Angiogenic therapy with vascular endothelial growth factor (VEGF) has been proposed as a treatment paradigm for patients suffering from an insufficiency of collateral vessels. Diabetes is associated with increase in the production of VEGF and therefore additional VEGF may not be beneficial. Accordingly, we sought to determine the efficacy of VEGF therapy to augment collateral formation and tissue perfusion in a diabetic mouse ischemic hindlimb model.


Diabetic and non-diabetic mice were studied in parallel for the efficacy of VEGF administration. Diabetes was induced with streptozotocin. Hindlimb ischemia was produced by severing the left iliac artery. An outlet tube from an osmotic infusion pump with placebo/500 micrograms of plasmid-DNA encoding VEGF was fenestrated and tunneled into the left quadriceps muscle.

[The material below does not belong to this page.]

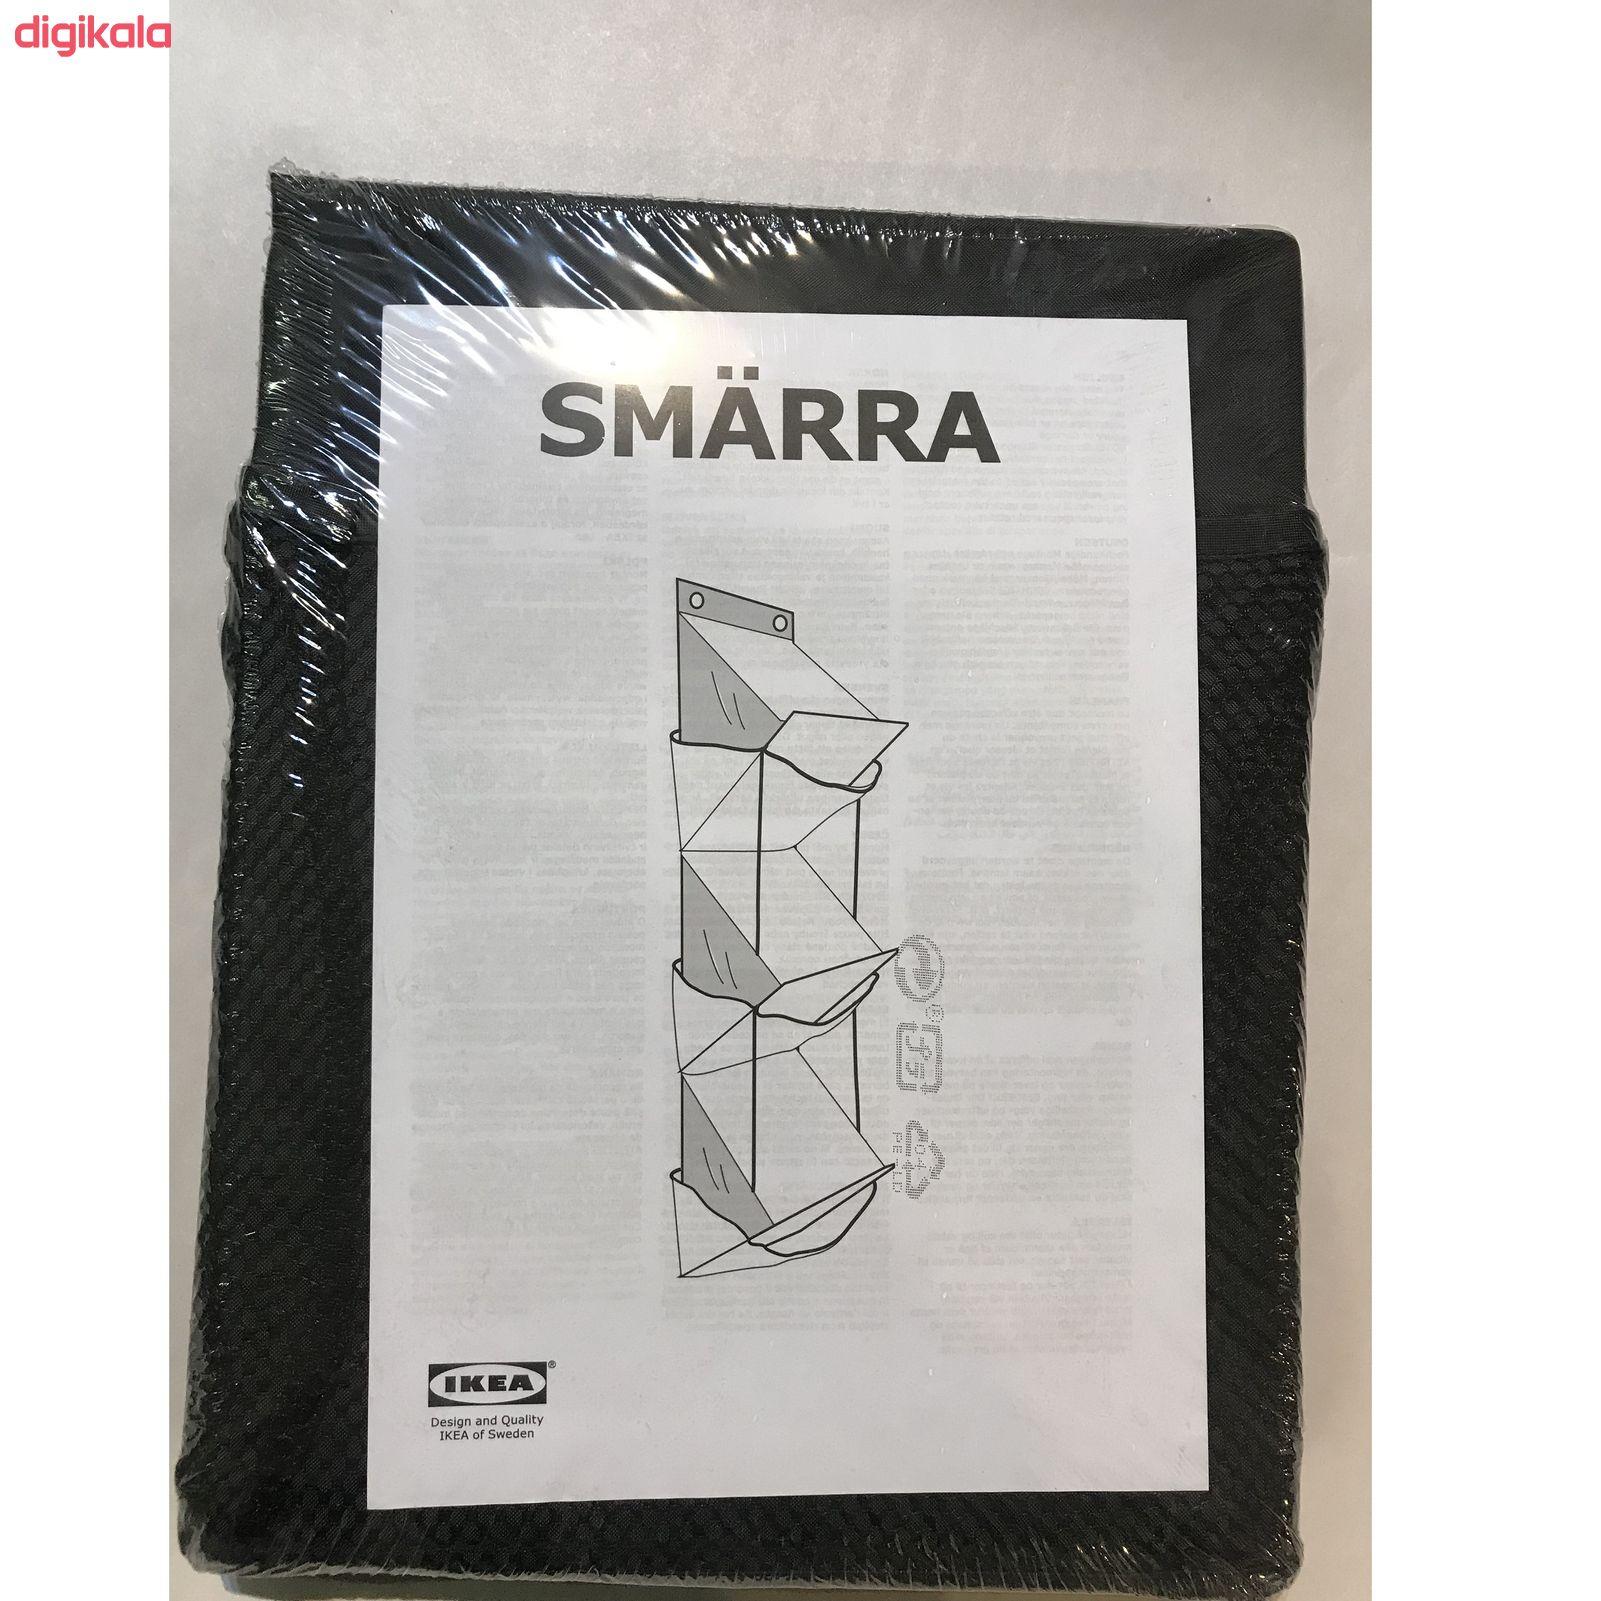 ارگانایزر ایکیا مدل SMARRA کد 203.991.74  main 1 1

VEGF induced more rapid and complete restoration of blood flow in normal mice. However, in the setting of diabetes there was no difference between VEGF vs. placebo in the rate or adequacy of flow restoration. There was a significant increase in smooth muscle actin and Factor-VIII antigen densities in diabetic animals and in animals which received VEGF.


Angiogenic therapy with VEGF in the setting of diabetes does not appear to have the beneficial effects seen in the absence of diabetes.